Industry Experience: Our team comes from practical industry backgrounds. For instance, I previously built and scaled a SaaS business from zero to millions of users with hundreds of engineers and tens of thousands of automated tests. We understand that benchmarks alone don't always translate to production value, so our agents are designed with practical utility as their north star.
How We Achieved 70%
Our experimental setup employs two key components:
- Parallel Agent Execution: We ran four distinct Zen Agents simultaneously on each SWE-bench task, with each generating its own solution.
- Critic Evaluation: We used OpenAI's o3 model as a judge to select the best solution from among the four candidates.
As we worked on the next generation of autonomous agents, we were keen to explore these two directions in the lab before offering similar production capabilities.
Each agent in our ensemble has the following characteristics:
- One-Shot Solving: Each agent gets exactly one try to solve the task.

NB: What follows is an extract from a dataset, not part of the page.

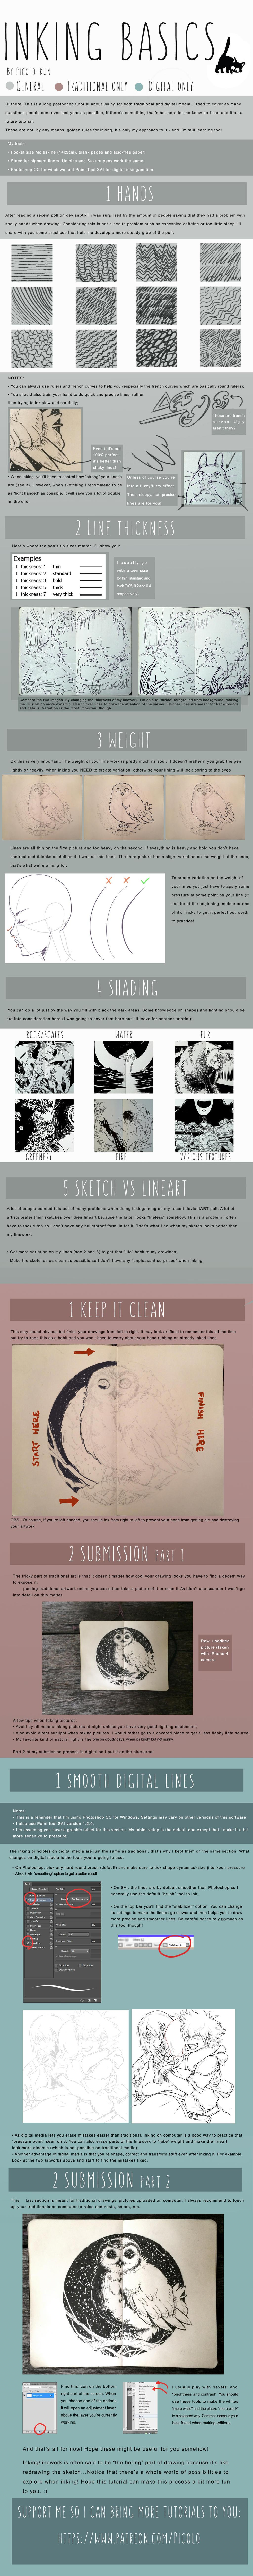 -http://img02.deviantart.net/0953/i/2015/198/1/b/inking_tutorial_by_picolo_kun-d91mq1s.jpg
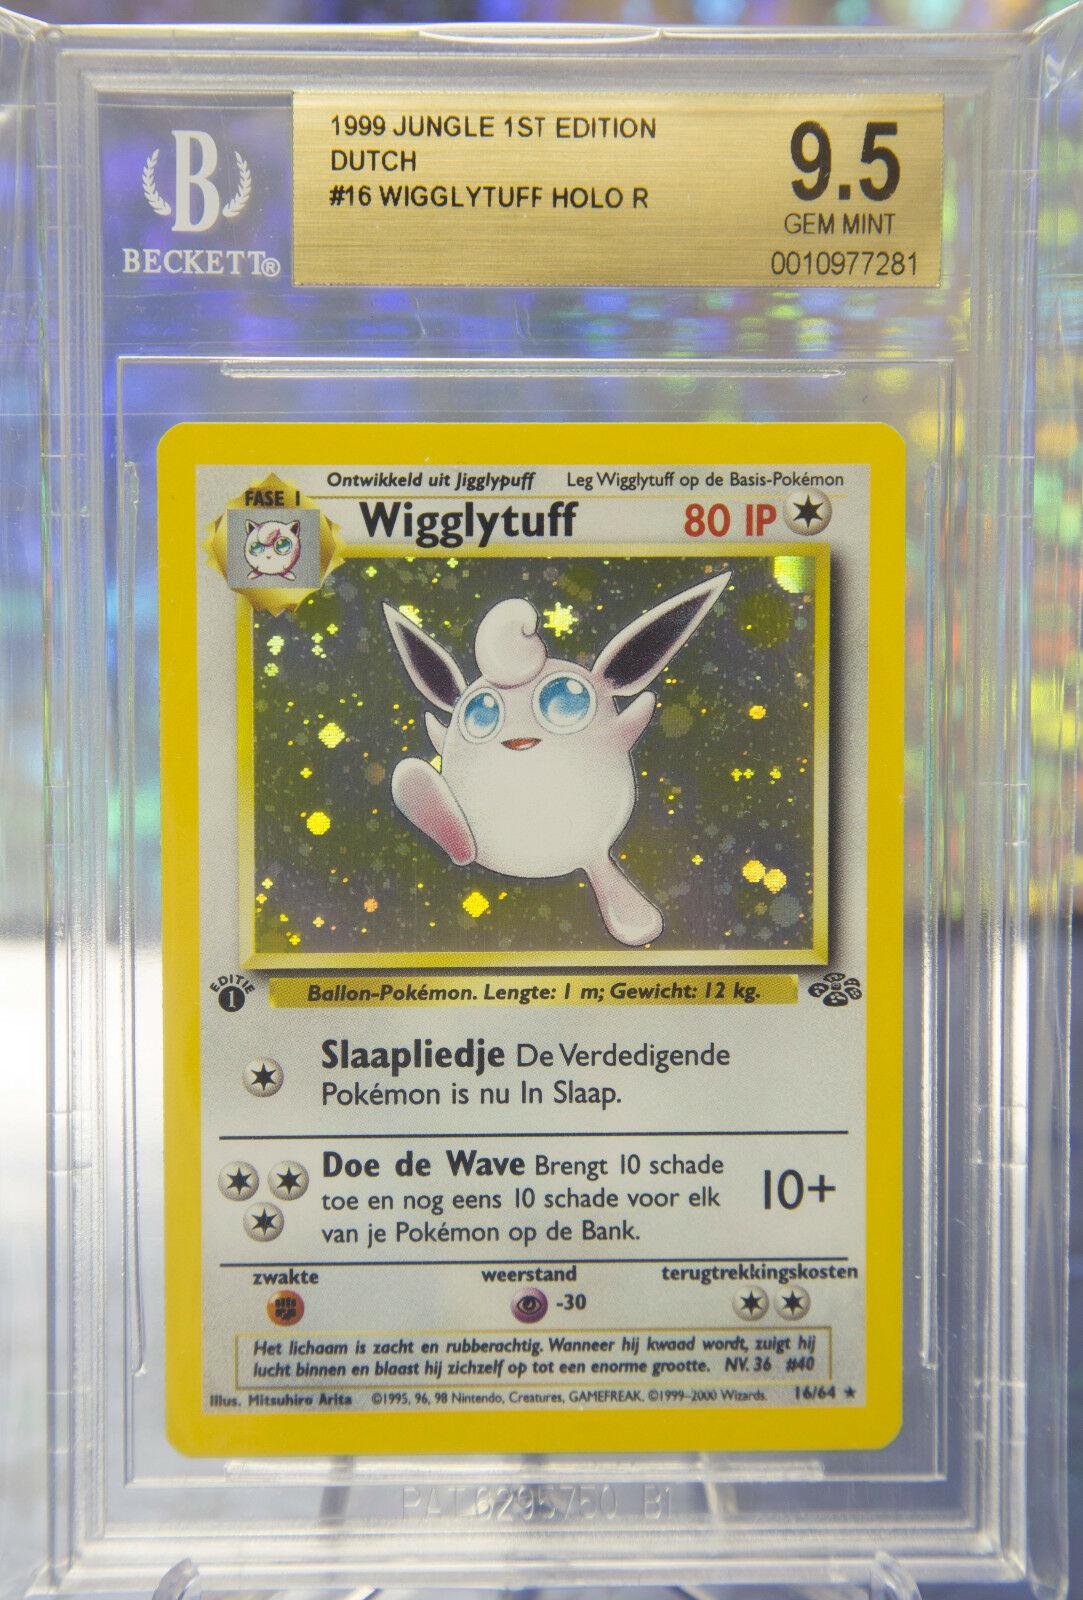 POP 1 DUTCH 1st Edition Wigglytuff Gem Mint 95 Jungle Pokemon Card NL RARE

- Model Diversity: Agents use either Anthropic's Claude Sonnet 3.7 or OpenAI's o4-mini model.
- Specialized Tooling: Each agent is equipped with different combinations of edit, search, diagnostic, and "thinking" tools.
The Power of Ensemble Approaches
What's particularly fascinating is the performance comparison: while our best individual agent achieved a solve rate of 66.6%, the four agents used in the ensemble individually achieved solve rates between 60.8-64.6%. Yet together, with the “critic” role selecting the optimal solution, they pushed our overall success rate to 70%.
Even more compelling, a theoretical "Best of 4" solution—where we always pick the correct solution if any agent found it—would reach an astonishing 78.6% success rate. This dramatic improvement underscores the immense potential of verification and feedback loops, a direction our lab is actively working toward.
Looking Forward: What This Means for You
This achievement isn't just a number on a leaderboard. It represents a significant step toward our vision of autonomous agents capable of producing valuable work in real production environments. As we continue refining our approach to verification and feedback systems, we expect to see even more dramatic improvements in capability and reliability.
For Zencoder users, this means increasingly powerful AI assistance that better understands your codebase, leverages the right tools at the right time, and learns from its own successes and failures. The 70% benchmark is not an endpoint but a milestone on our journey to transform how software gets built.
We'll continue pushing these boundaries in our lab while ensuring that every advance translates to practical value for your development workflow. After all, our ultimate measure of success isn't a benchmark score—it's how much faster you can ship great software with Zencoder by your side.